Interview: Alex Knott & James Demaine, of Bag of Beard Theatre
Actors Alex Knott and James Demaine make up two thirds of enterprising theatre company Bag of Beard. They talk to us here about their latest play 'The Highgate Vampire' and how they create theatre
What's the story and the ethos behind Bag of Beard Theatre?
Alex Knott: We met at Italia Conti drama school, where we trained together. We graduated in 2016 and almost straight away we became two thirds of Bag of Beard Theatre – the other third being our director, Ryan Hutton. We started the company because we didn’t want to wait for the phone to ring. We wanted to make theatre and create our own work.
James Demaine: I kind of hitchhiked into it. It was Ryan and Alex who originally started the company, and through being involved in skits and plays over the years I became a more solid part of it. Now I’m the Associate Director, which happened pretty organically. There’s also a fourth person, Sam, who did a lot of the original music.
AK: The ethos of Bag of Beard is: original words and original music. We devise a lot of our work by sharing the writing – I’ll write a bit, James will write a bit, sometimes Ryan will write a bit – and then we come back together to shape it into a script…We also work quite a lot with our sister company, Boxless Theatre, which is run by Zoe Grain, who is the producer of this play. There’s a lot of cross-pollination of ideas.
JD: With Bag of Beard there’s a dark vein that runs through most of the plays. We did one by a playwright called David Spencer about a soldier who was trapped under a hotel that exploded, and the whole play kind of takes place in his memories…this one’s about a vampire - this one is the first all-out comedy.
Tell us about 'The Highgate Vampire'...
JD: I heard about the true story of the Highgate Vampire, which happened in the 1970s. There were reported sightings of a strange entity in Highgate Cemetery, and two men – a bishop and an occult practitioner – became locked in this very public feud about how to deal with it. They absolutely hated each other, but both were trying to destroy whatever this thing was.
I brought that story to Alex, who had been working on something totally different, and the play just started writing itself.
AK: We immediately fictionalised the names [Bishop Patrick Sheffield and Daniel Farringdon] and started improvising. Very quickly we came up with the idea that these two characters had put aside their differences for one night only to tell their story as a kind of lecture to the people of London. That’s what audiences see when they come to the show.

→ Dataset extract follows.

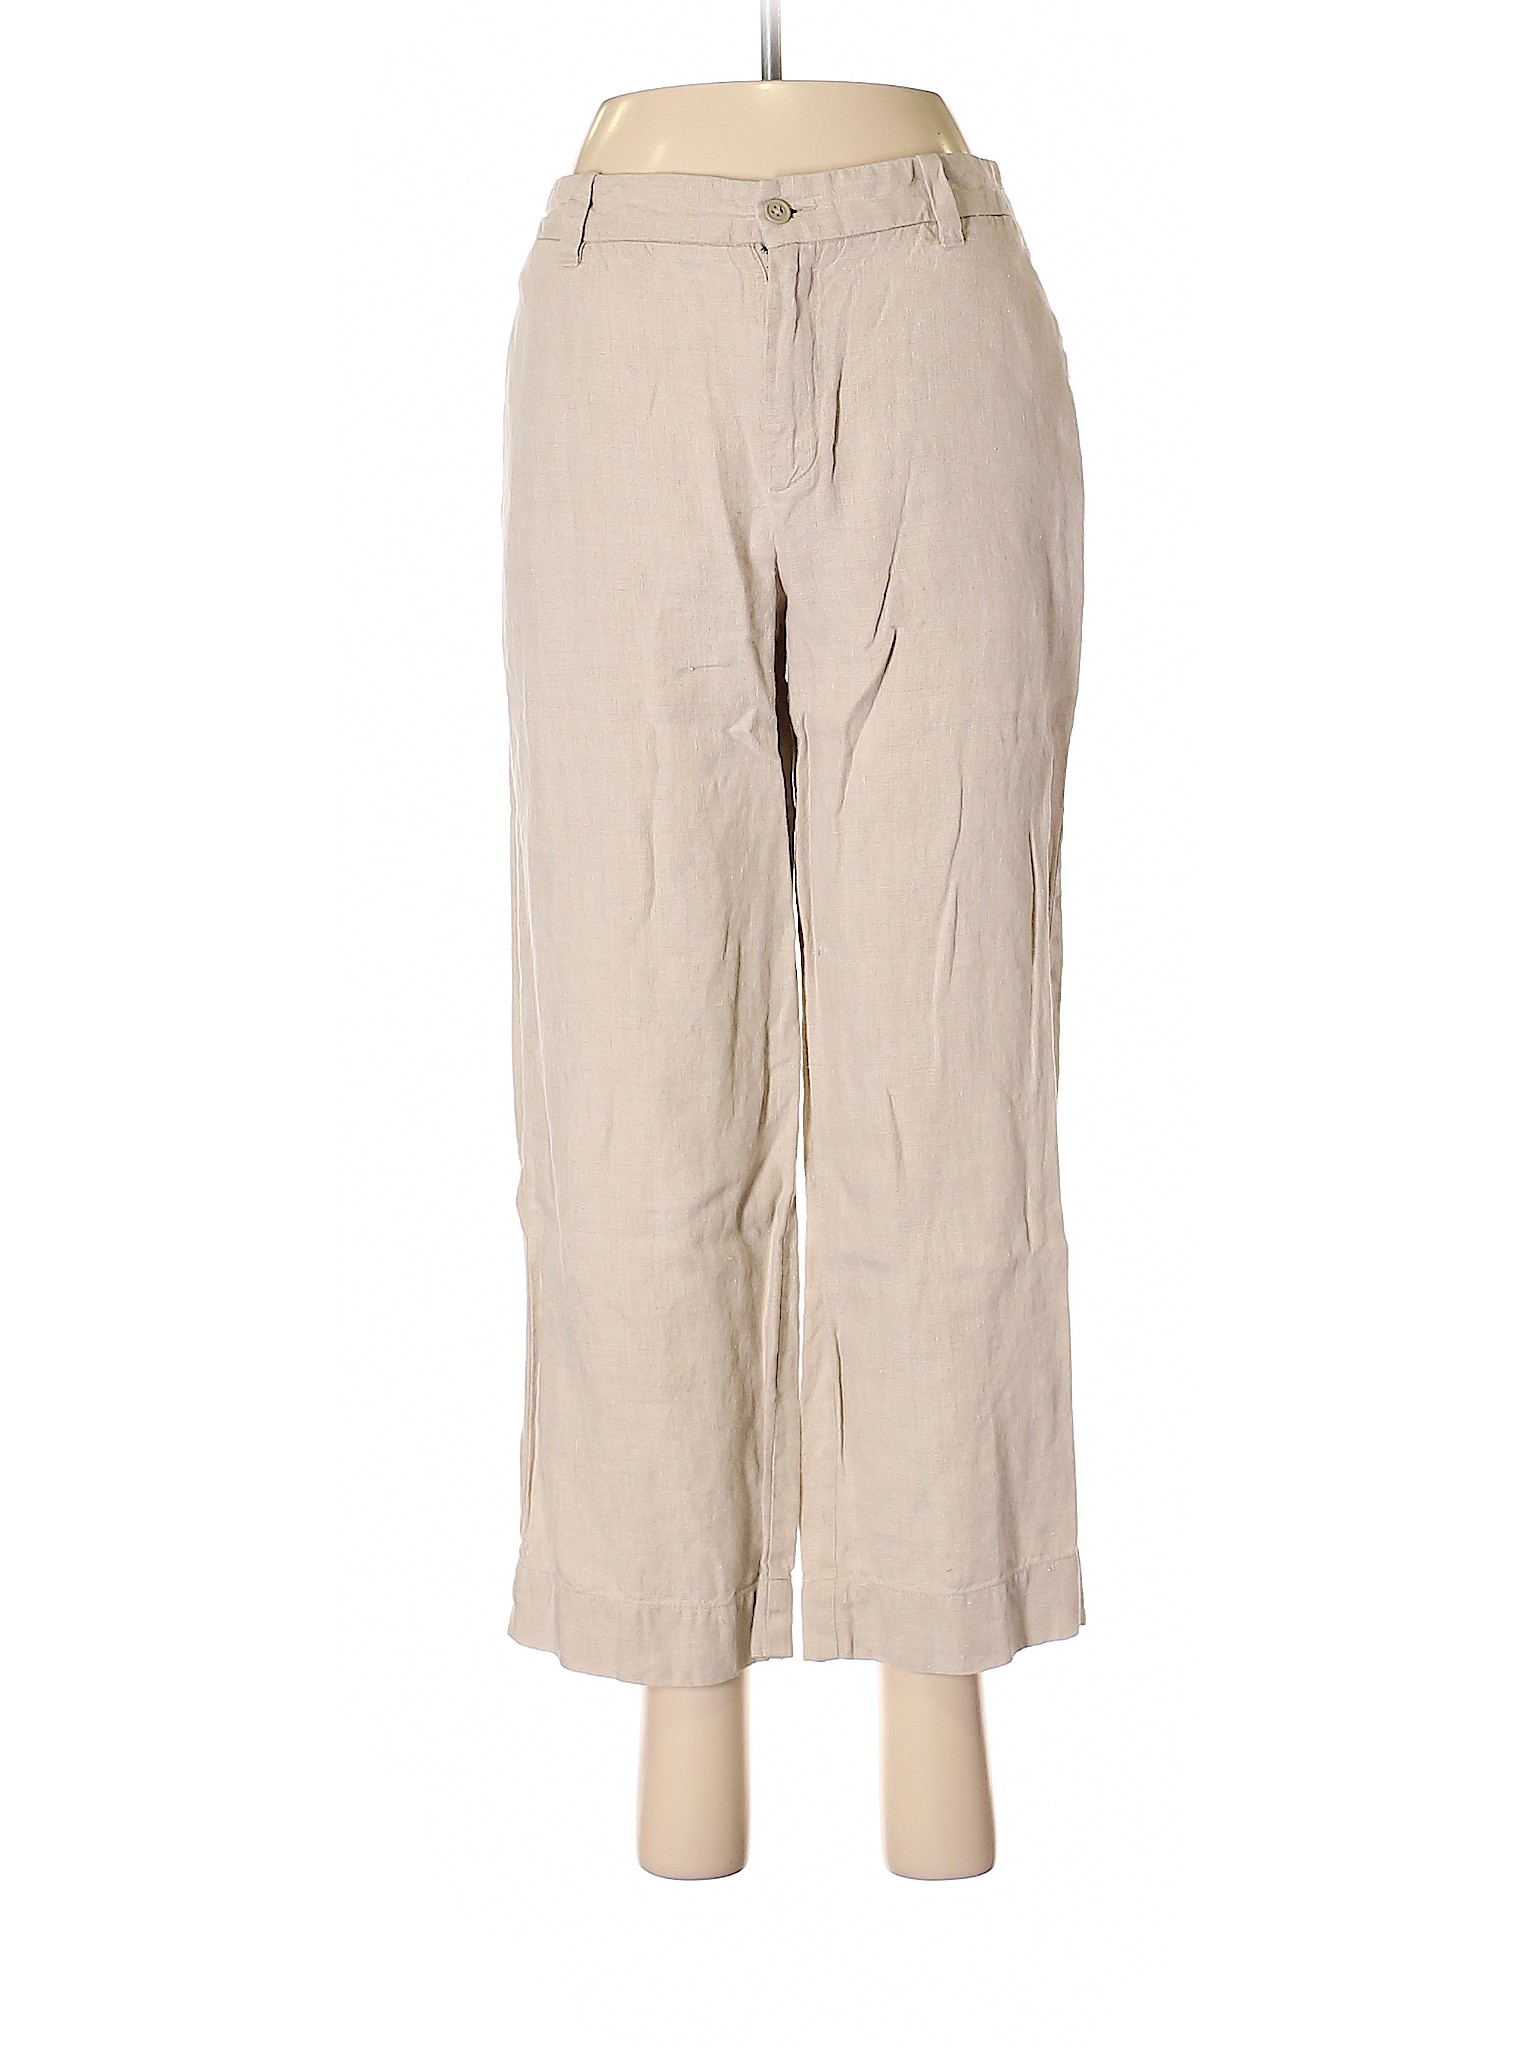 gap linen pants

JD: We went to Highgate Cemetery, got a sense of the place, decided a rough plot, then divided the scenes between us to write separately. When we came back together, we reshaped everything into a single voice and finished it together.
AK: Often we makes changes to each other’s work. James brought in this long, well-researched section about how to slay a vampire…
JD: I brought in an essay!
AK: And I suggested turning it into a song – which became the ukulele number. That contrast between James’s character, who brings in a bag of props, and mine, who wants a serious academic lecture, is where a lot of the comedy comes from.
The play is obviously based in London, and has a very distinctive vibe to it; What does London mean to you both?
JD: London was the first place that ever really felt like home to me outside of Yorkshire. I was drawn to it through theatre, music, and the mythology – Dickens, Jack the Ripper, The Libertines. There’s a version of London that exists in my head with lamplit streets and turned-up collars, and in a way that’s the London that lives inside this play.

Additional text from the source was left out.